2.3.1 Pengaruh kegiatan literasi terhadap keterampilan bahasa reseptif

Pada usia dini mengalami perkembangan kemampuan secara pesat, salah satunya adalah perkembangan bahasa. Pada usia tersebut, anak dapat mengikuti

arahan atau instruksi sederhana. Slavin (dalam Rusijono,2007) mengatakan anak usia 3 tahun sudah dapat membedakan tulisan dan lukisan. Pengajaran pada anak tentunya harus menyenangkan, karena pembelajaran yang tidak menggunakan, media atau bermain kurang dapat mengoptimalkan fungsi psikis, fisik dan sensoris anak yang tengah berkembang pesat. Anak membutuhkan kesempatan untuk bereksplorasi, bergerak, serta kebutuhan utama untuk bermain.
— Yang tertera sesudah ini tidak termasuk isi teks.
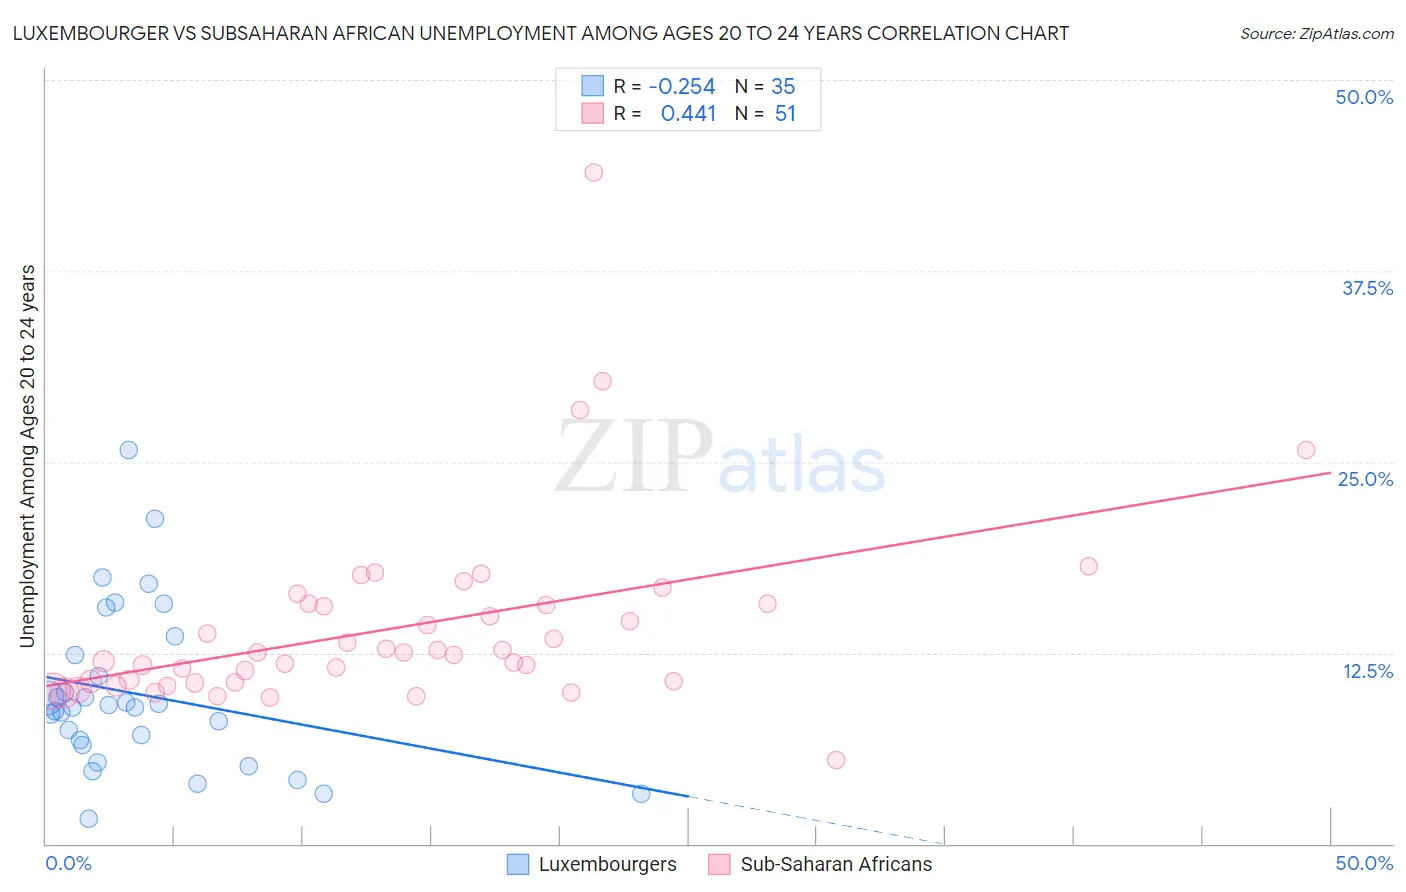 Luxembourger vs Subsaharan African Unemployment Among Ages 20 to 24 years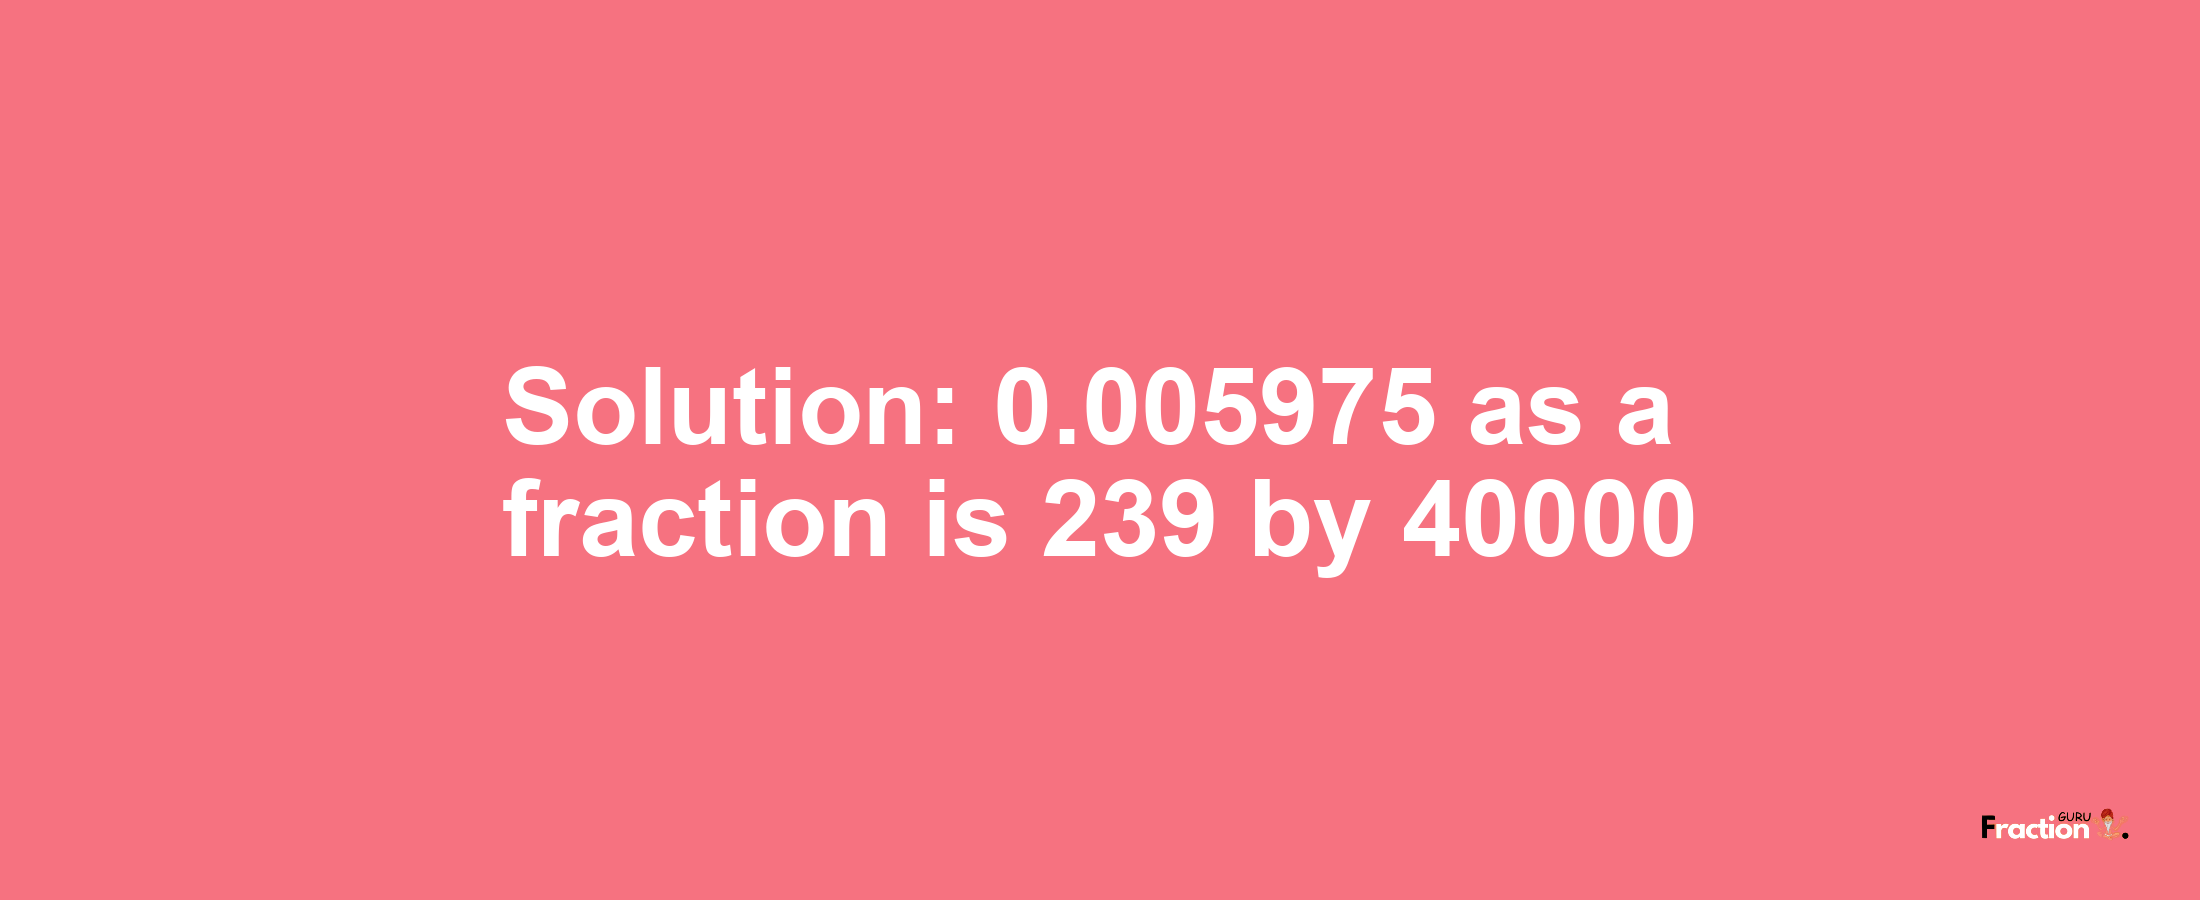 Solution:0.005975 as a fraction is 239/40000

Vygotsky (1978) berpendapat bahwa kecerdasan anak tumbuh bersama dengan interaksinya 3 dengan lingkungan Menurut Vygotsky, anak akan secara aktif menyusun pengetahuan dan memberi focus pada bagaimana pentingnya interaksi sosial budaya terhadap perkembangan kognitif mereka. Dengan demikian, perkembangan kognitif anak dipengaruhi oleh pola interaksi dengan orang-orang terdekat anak, yaitu bagaimana orangtua memberikan stimulasi kemampuan literasi pada anak. Lebih spesifik disebutkan bahwa keterlibatan orangtua tersebut berupa interaksi langsung dengan anak (Fantuzzo,Perry & McDermott,2004). Pengalaman aktivitas literasi yang dapat mengembangkan kemampuan anak antara lain dibacakan buku cerita, anak diminta menceritakan kembali suatu kisah, menggambar dan menulis, bermain peran, dan bernyanyi. Aktivitas-aktivitas tersebut dapat dilakukan oleh orangtua bersama anak di rumah. Survei yang dilakukan oleh peneliti menunjukan bahwa masih terdapat permasalahan dalam pendidikan anak Indonesia, yaitu kurangnya stimulasi yang diberikan lingkungan pada anak sejak usia sedini mungkin.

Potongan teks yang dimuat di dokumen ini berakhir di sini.